**Directions for this task**: The required answer is the data below, restated word for word with images omitted.

**Dataset excerpt**:
•••••

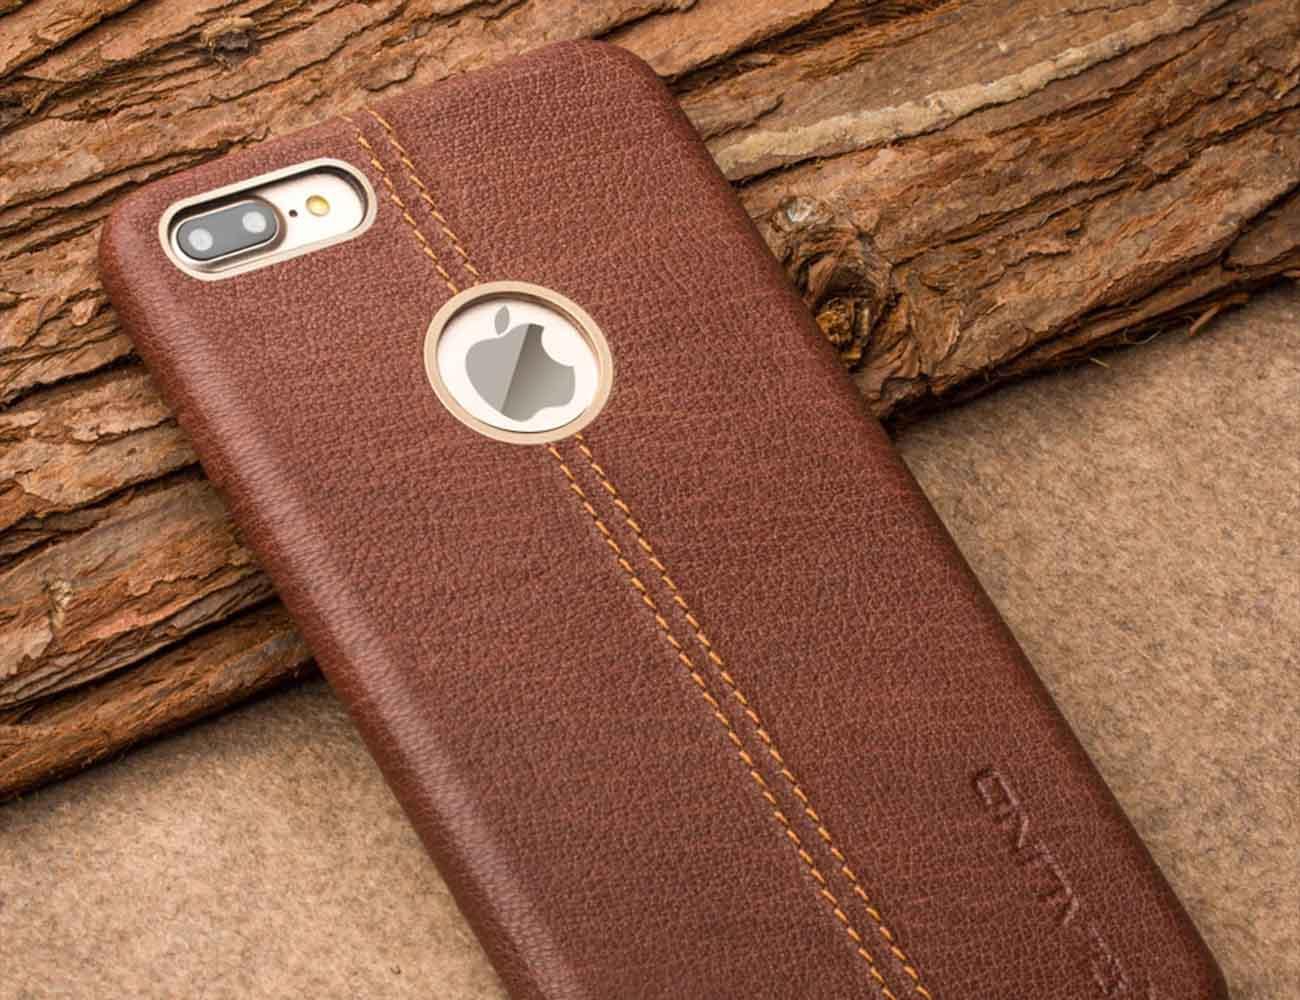 Real Deer Skin iPhone Case by QIALINO
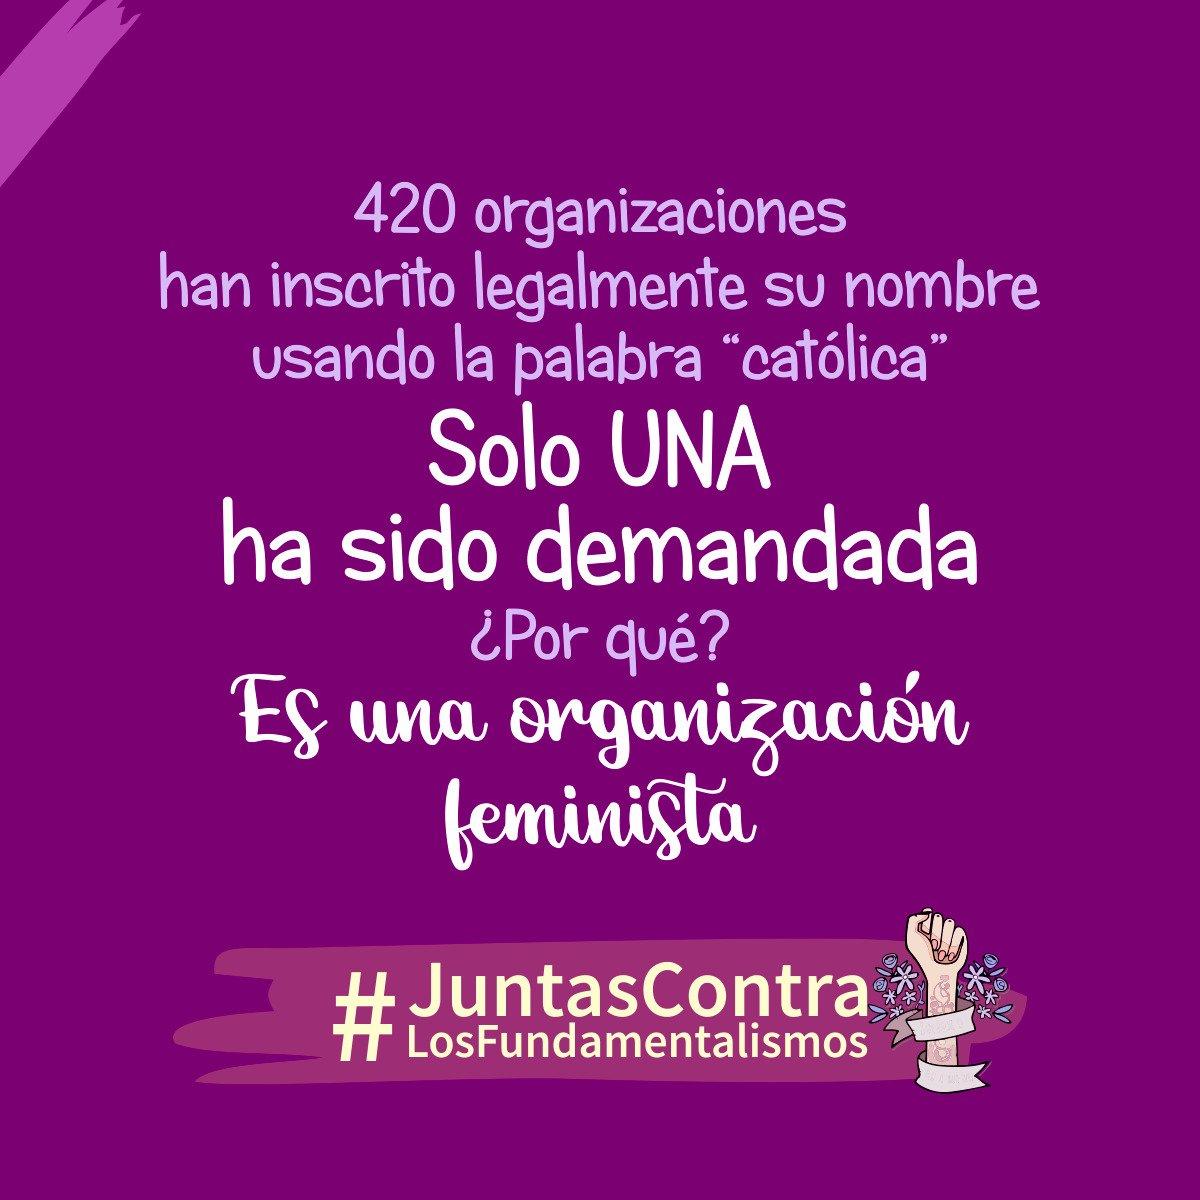 """420 organizaciones han inscrito legalmente usando el nombre """"Católica"""" solo una ha sido demandada ¿Por qué? Es una organización feminista. #JuntasContraLosFundamentalismos #JuntasSomosMásFuertes"""
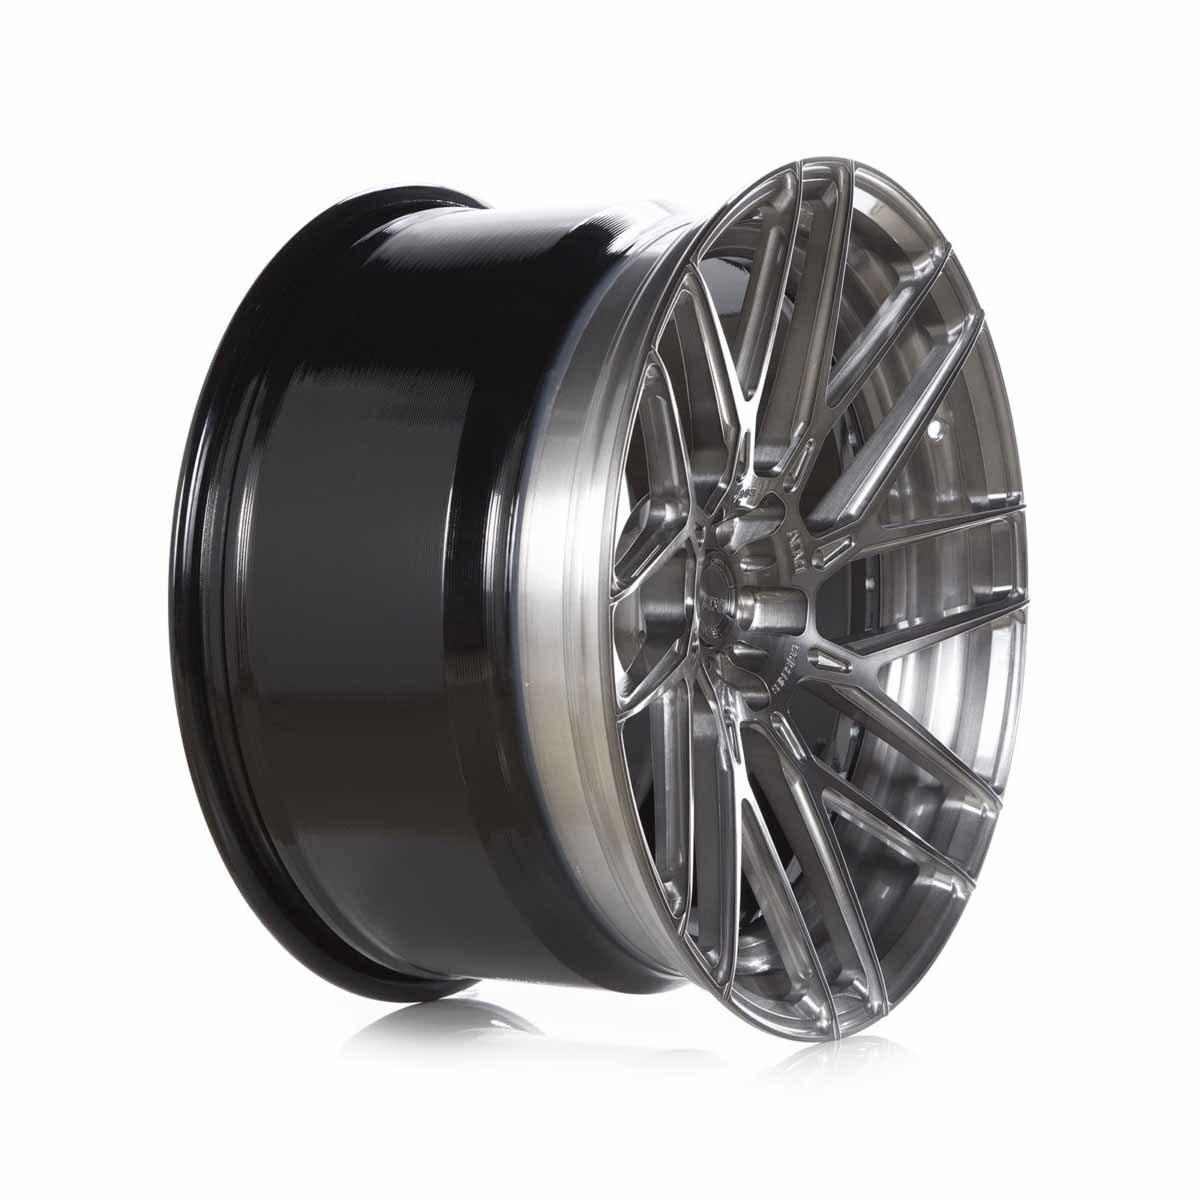 ADV.1 ADV8R M.V2 (CS Series) forged wheels
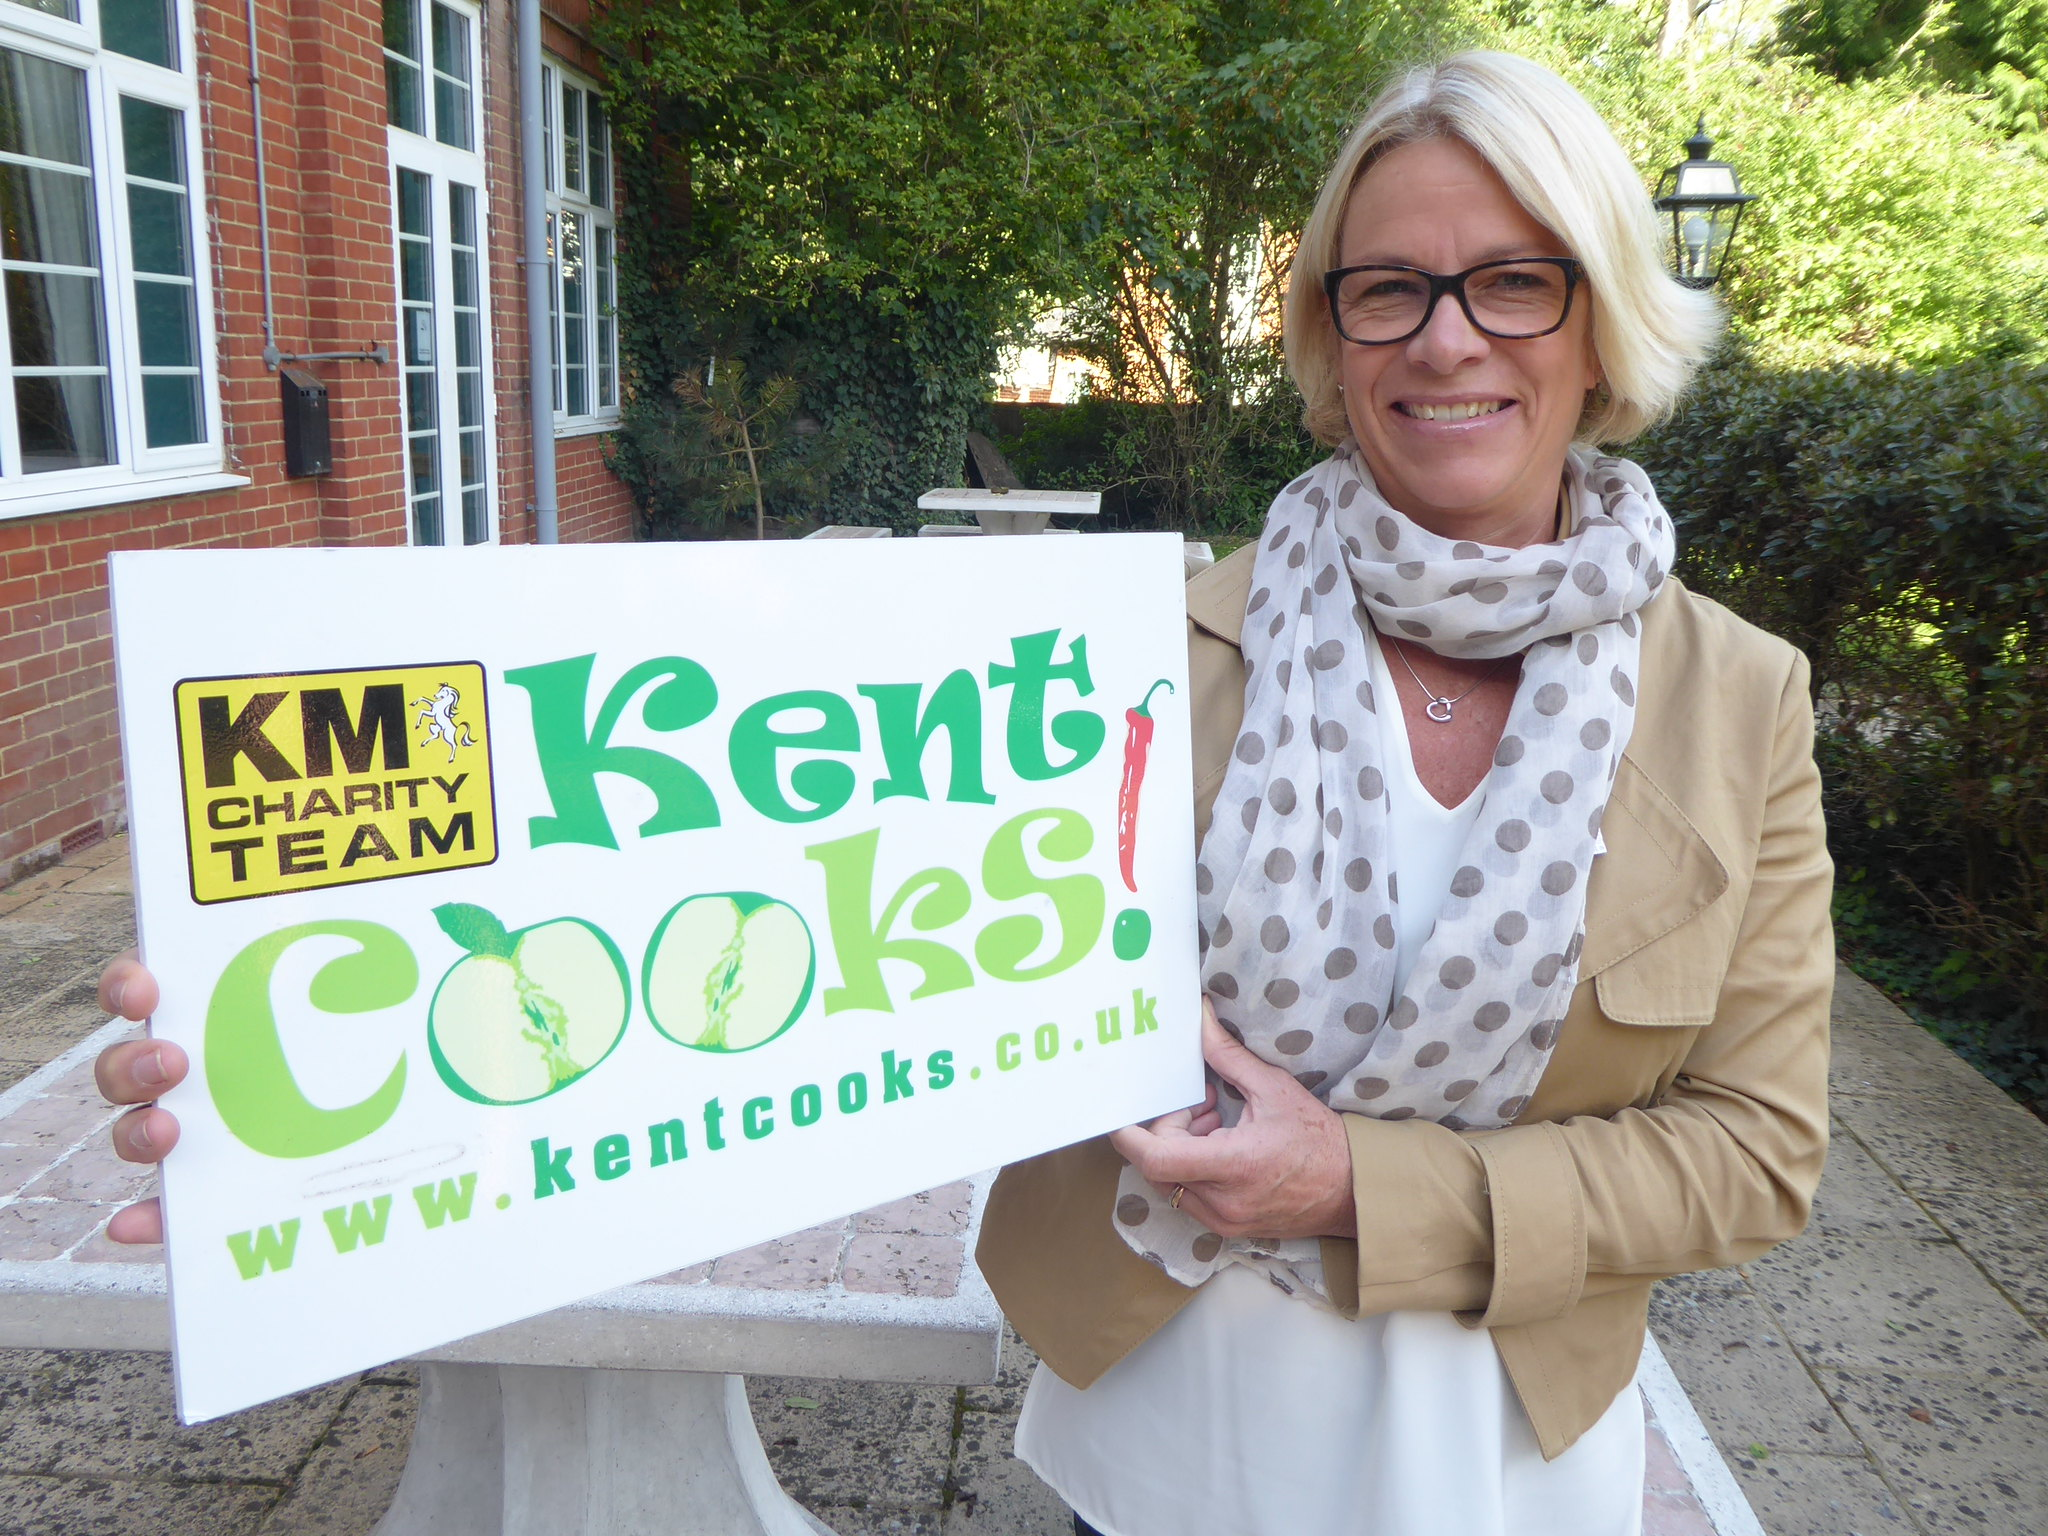 Kent Cooks 2017 autumn launch

•••••

**Output**:
 Real Deer Skin iPhone Case by QIALINO
 """420 organizaciones han inscrito legalmente usando el nombre """"Católica"""" solo una ha sido demandada ¿Por qué? Es una organización feminista. #JuntasContraLosFundamentalismos #JuntasSomosMásFuertes"""
 ADV.1 ADV8R M.V2 (CS Series) forged wheels
 Kent Cooks 2017 autumn launch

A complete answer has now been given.